Rodney declared that the same transformation had happened to a number of Ancients during their time in Atlantis. Some had even been introduced to the toxin in her system on purpose and not via a savage bite. The difference was, they had been able to control the physical, and some of the psychological, aspects of it to a minimum. All had been left with startlingly blue eyes, but nothing more. They had gained the ability to manipulate water, predict the ocean and weather conditions of the planet and hear the call of not only the life in the water, but of the crystal technology throughout the city. Two of the abilities she had already shown them. The third she demonstrated the next morning when she flooded the Infirmary.
When he took aim for her on the edge of one of the piers, they both knew he couldn't shoot her. Holding a tidal wave at bay with only her mind, she screamed at him to let her go when he began taking steady steps toward her. But they both knew she could no more attempt to destroy the city than he could kill her. It didn't mean she went quietly. Still screaming at him, crying and trying to push him off her, a pathetic excuse for a wave washed over them as he emptied the contents of a syringe into her arm and she finally gave up the fight. John carried her back inside, still under an armed guard, and watched her through the night. His relief was almost greater than hers when she awoke with only dimly tinted blue eyes.

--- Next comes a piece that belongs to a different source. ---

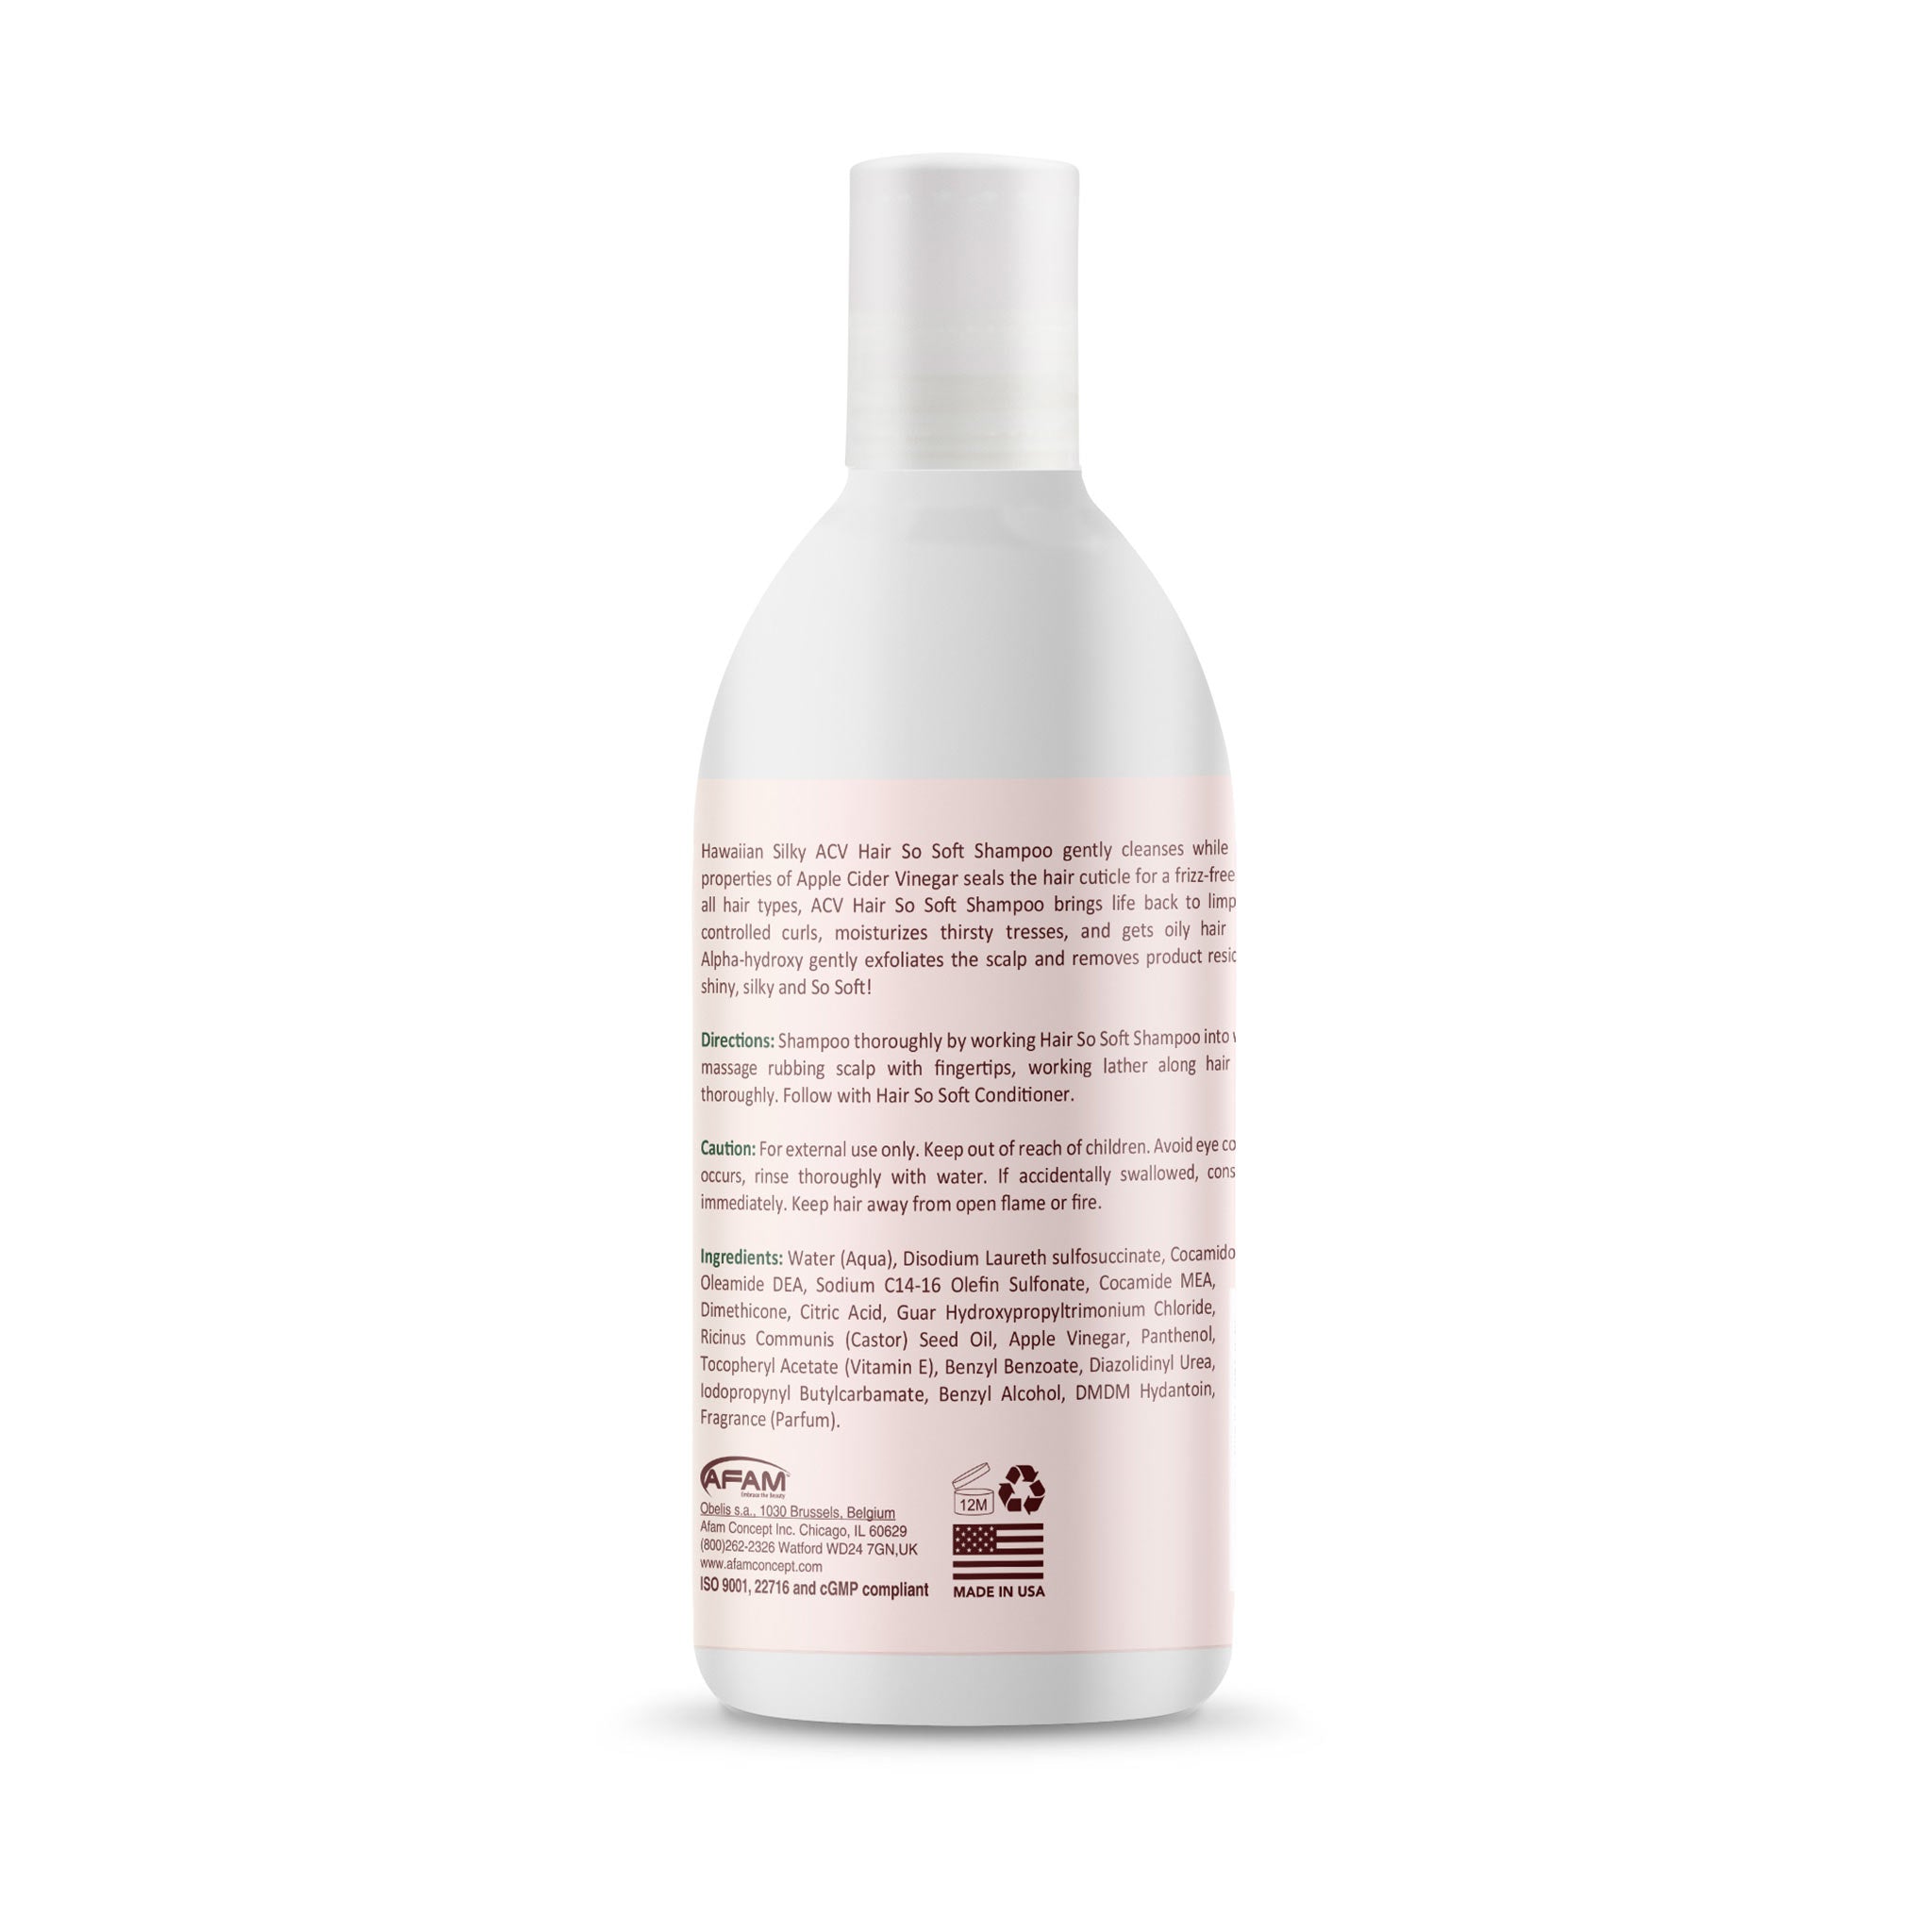 Hawaiian Silky Hair So Soft Apple Cider Vinegar Clarifying Shampoo - Afam Concept Inc.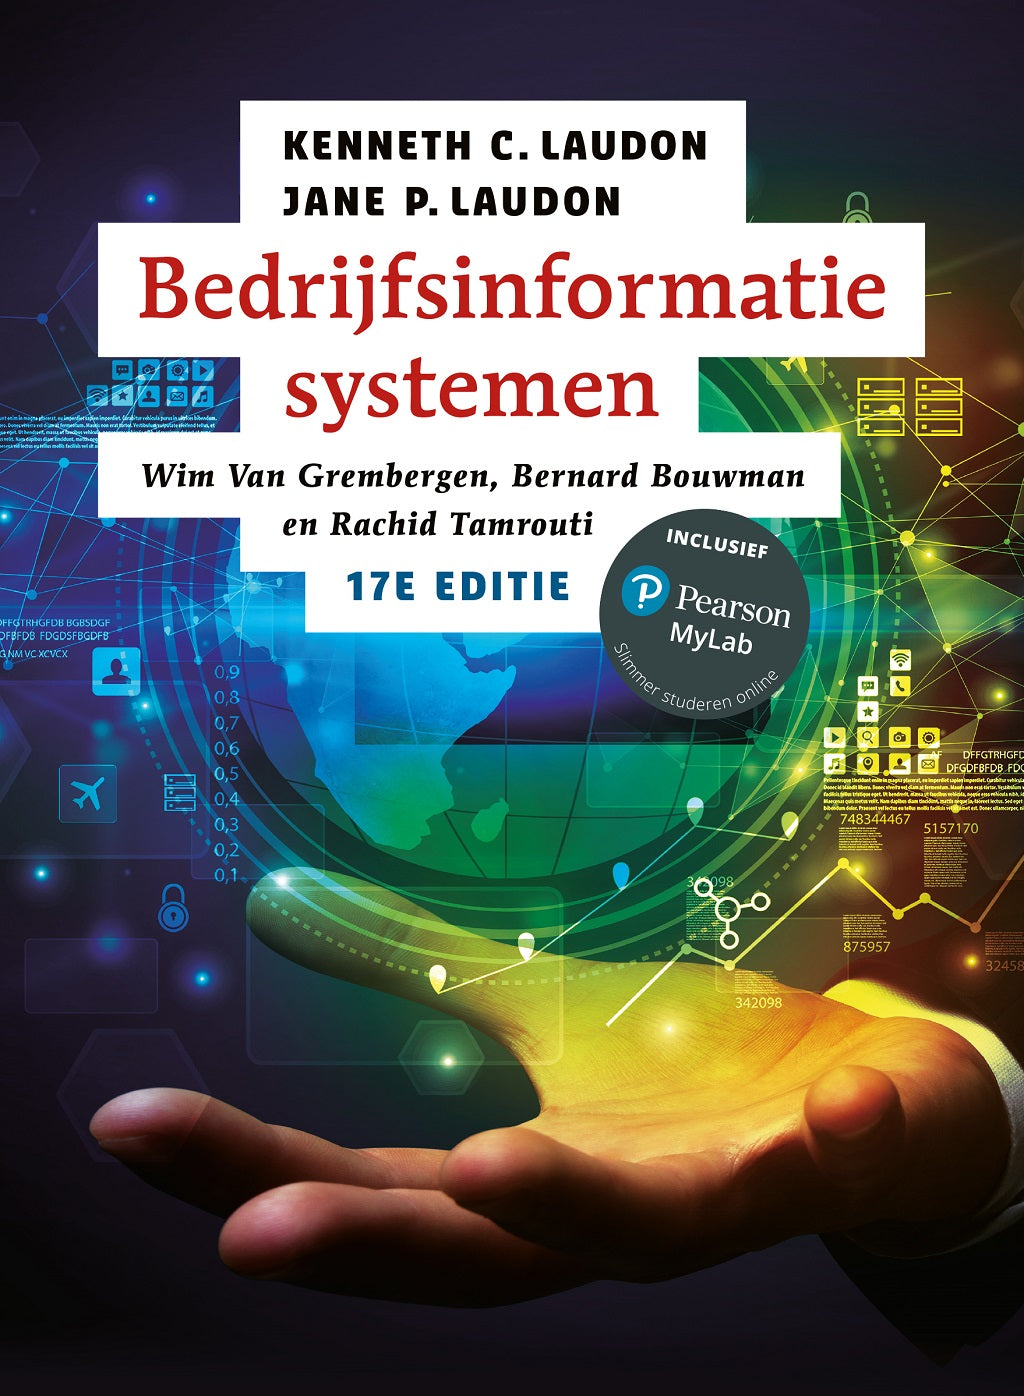 Bedrijfsinformatiesystemen, 17e editie (Digitaal)

She wondered why they still had faith in her and why they bothered to sit by her bedside during her recovery. She knew she was the same with John whilst he returned to normal, but she still couldn't understand the same behaviour directed at her. Perhaps because she could not forgive herself. When he tried to kiss her one afternoon, she pulled away and held him at arms length, demanding to know why he still wanted to be anywhere near her. His answer was only that she hadn't given up on him, even if it meant risking her life, and that he'd never give up on her, even if it meant risking his heart. He left her alone then, under the pretence of retrieving some books for her to read, whilst she contemplated just how much the city had changed them…and how much they had changed each other.